I own all three and the titanium seems to be the least effected by hot or cold temperatures.

For a control purposes I used a .689 for all three barrels and 10 balls from two different types of paint. I practiced Sunday in 100 degree weather and the aluminum barrel seemed to constrict to a smaller bore or the balls were bigger, but when I checked the titanium barrel the balls fit perfectly.

I didn't check the stainless until today in my house at 78 degrees, used 10 balls from each bag of paint, and all three barrels where identical at .689 bore.

There is a discrepency somewhere between 100 and 78 degree temps for the aluminum barrel.

I have read Tom Kaye's info and about everything else out there.

I tried two searches without results so please...NO FLAMES!!!

And please...NO OPINIONS! Only FACTS!

Thanks,
Matt

for one, the barrels diameter will expand, not contract. it may seem like they contract because the balls will expand as well, and to a greater degree, and cause a tighter fit. the expansion coefficients of all three materials are much much smaller than that of the plastics of the ball and the fills.

also, just because the air temperature is 100 F, does not mean that the metal of the barrel will be at that temperature. most likely the average temperature of the barrel will not increase more than a few degrees above room temperature.

for one, the barrels diameter will expand, not contract. it may seem like they contract because the balls will expand as well, and to a greater degree, and cause a tighter fit. the expansion coefficients of all three materials are much much smaller than that of the plastics of the ball and the fills.

also, just because the air temperature is 100 F, does not mean that the metal of the barrel will be at that temperature. most likely the average temperature of the barrel will not increase more than a few degrees above room temperature.

If the air temp was 100 F then room temp would be 100 F. It would normally feel colder to the touch but since the room temp is higher than body temp it would be warm.

good idea, but you need to measure the inside diameter with an "inside micrometer" if you want to be exact / have accurate data.

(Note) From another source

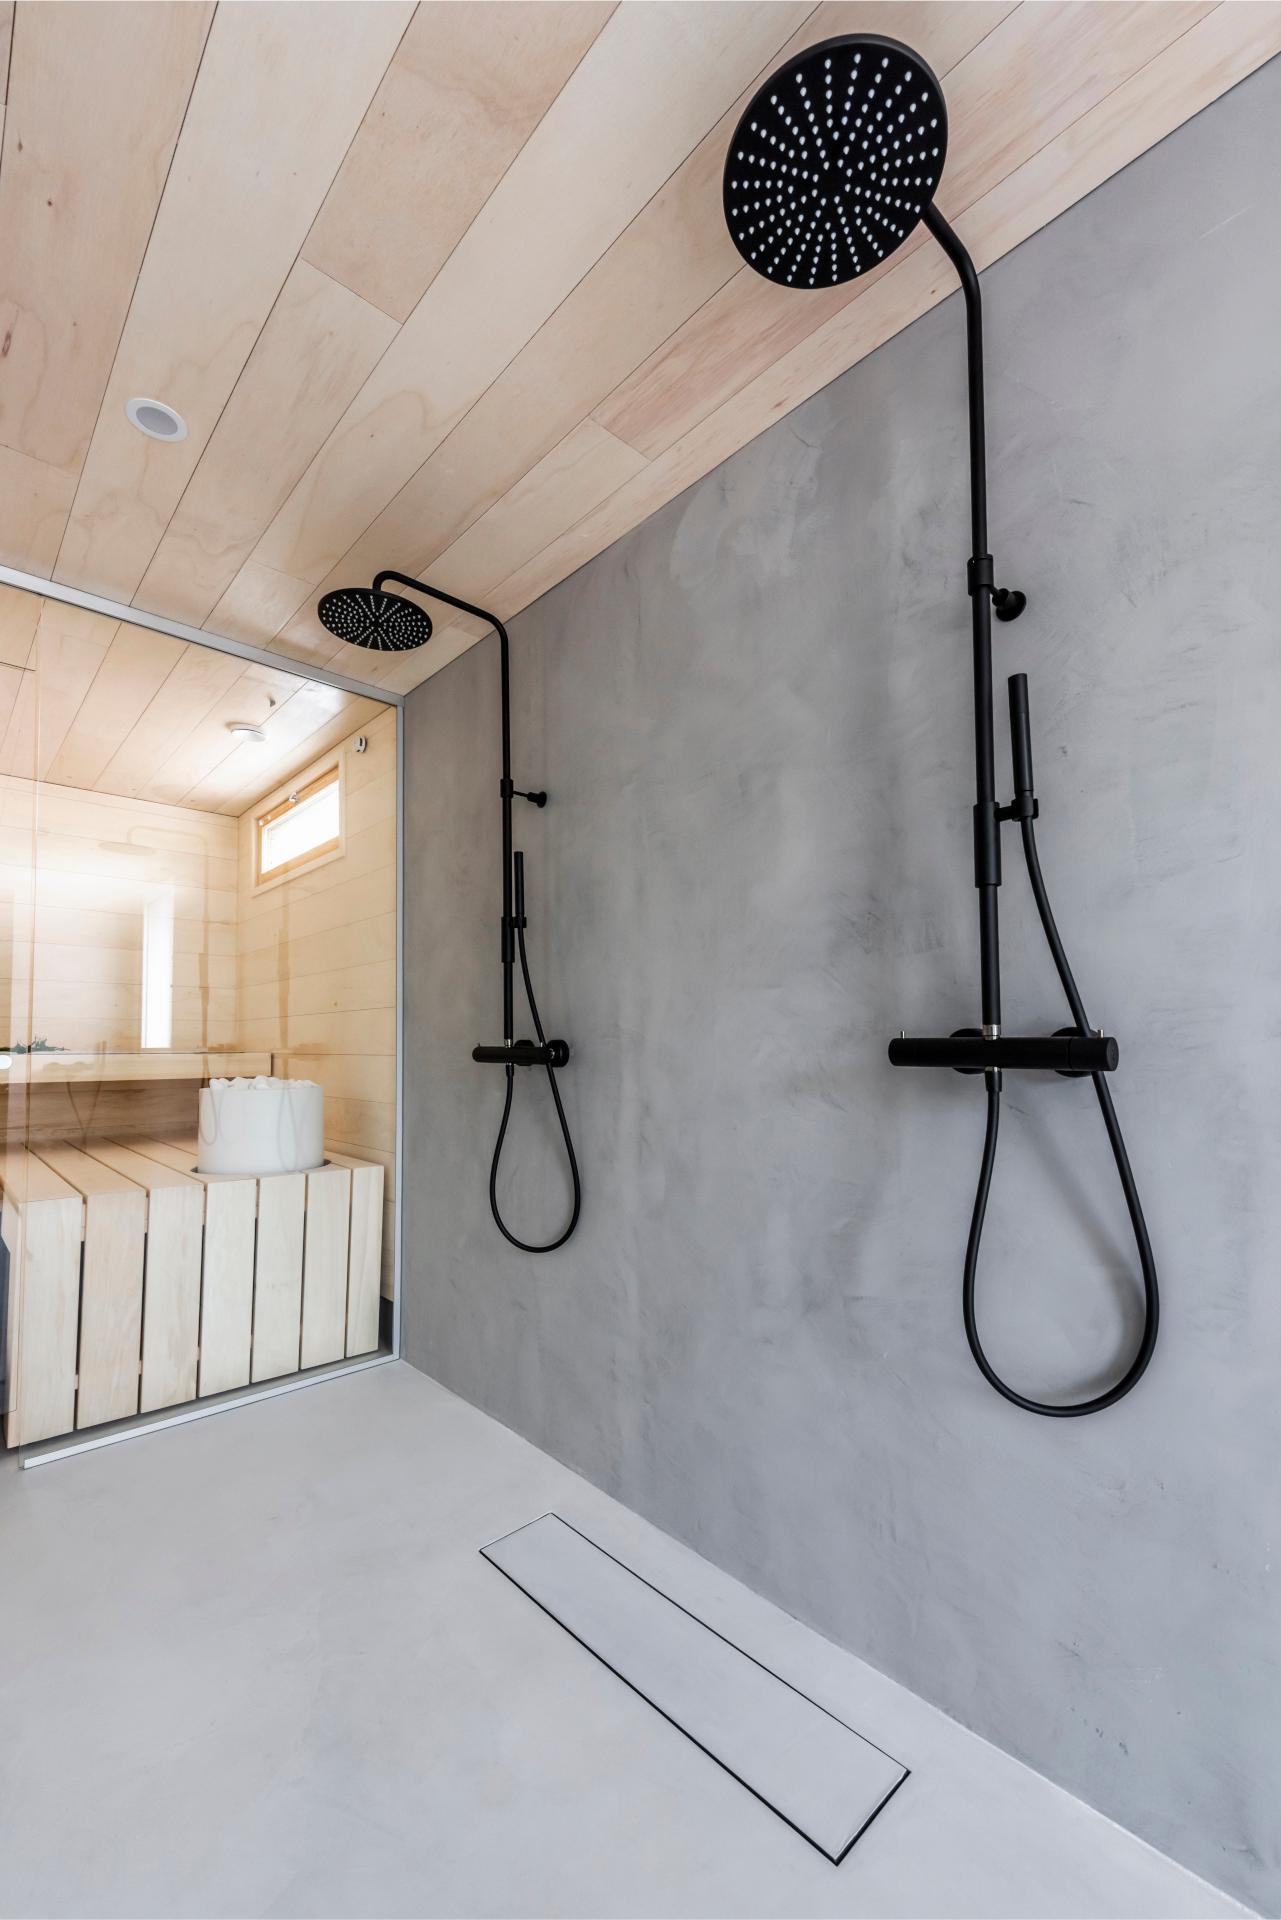 Vieser Line mahdollistaa kylpyhuoneen yhtenäisen ja harmonisen ilmeen, sillä kaivonkannen voi halutessaan täyttää esimerkiksi samalla mikrosementtimassalla, jota lattiassa on käytetty.

Also like was said the differences you noticed were positivley due to the temperature's effect on the paint, not the barrel. What would be nice is if you measured the diameter of some different paintballs "with a mircrometer" and then record each ones temperature.

You are right when you suggest that aluminum has the highest temperature dependence, followed by steel, then aluminum. However, you should not see a noticeable difference between barrels made from the various materials. The amount that any of them will deform because of temperature changes is negligible for the range of temperatures they will see when playing paintball. The more important factor will be the tendency of the paint to swell or shrink based on temperature and humidity.


But to answer your question more scientifically:

Material behavior under a change in temperature is classified by a property known as the coefficient of thermal expansion, typically listed as "alpha". To find how much a material with initial length L (at temperature T1) will deform when the temperature changes to T2, you multiply as follows:

L*(T2-T1)*alpha = change in length

approximate values for the coefficient of thermal expansion per degree of temperature change are as follows (for Fahrenheit and Celsius scales):

Aluminum: 13 x 10^-6 / F or 24 x 10^-6 / C

Steel: 9.6 x 10^-6 / F or 17 x 10^-6 / C

Titanium: 5.3 x 10^-6 / F or 9.5 x 10^-6 / C
*values come courtesy of Mechanics of Materials, Second Edition by Roy Craig, published by John Wiley and Sons, 2000.

These numbers are so small that you would have to have a significant change in temperature for the change in length to be appreciable.

For example: the inner circumference of the barrel of .689 bore is 2.165 inches. For an aluminum barrel, with a 25-degree F change in temp, the change in circumference would be: 2.165 x 12 x 10^-6 x 25 = 6.49 x 10^-4 inches = 0.000649 inches. That is simply not noticeable.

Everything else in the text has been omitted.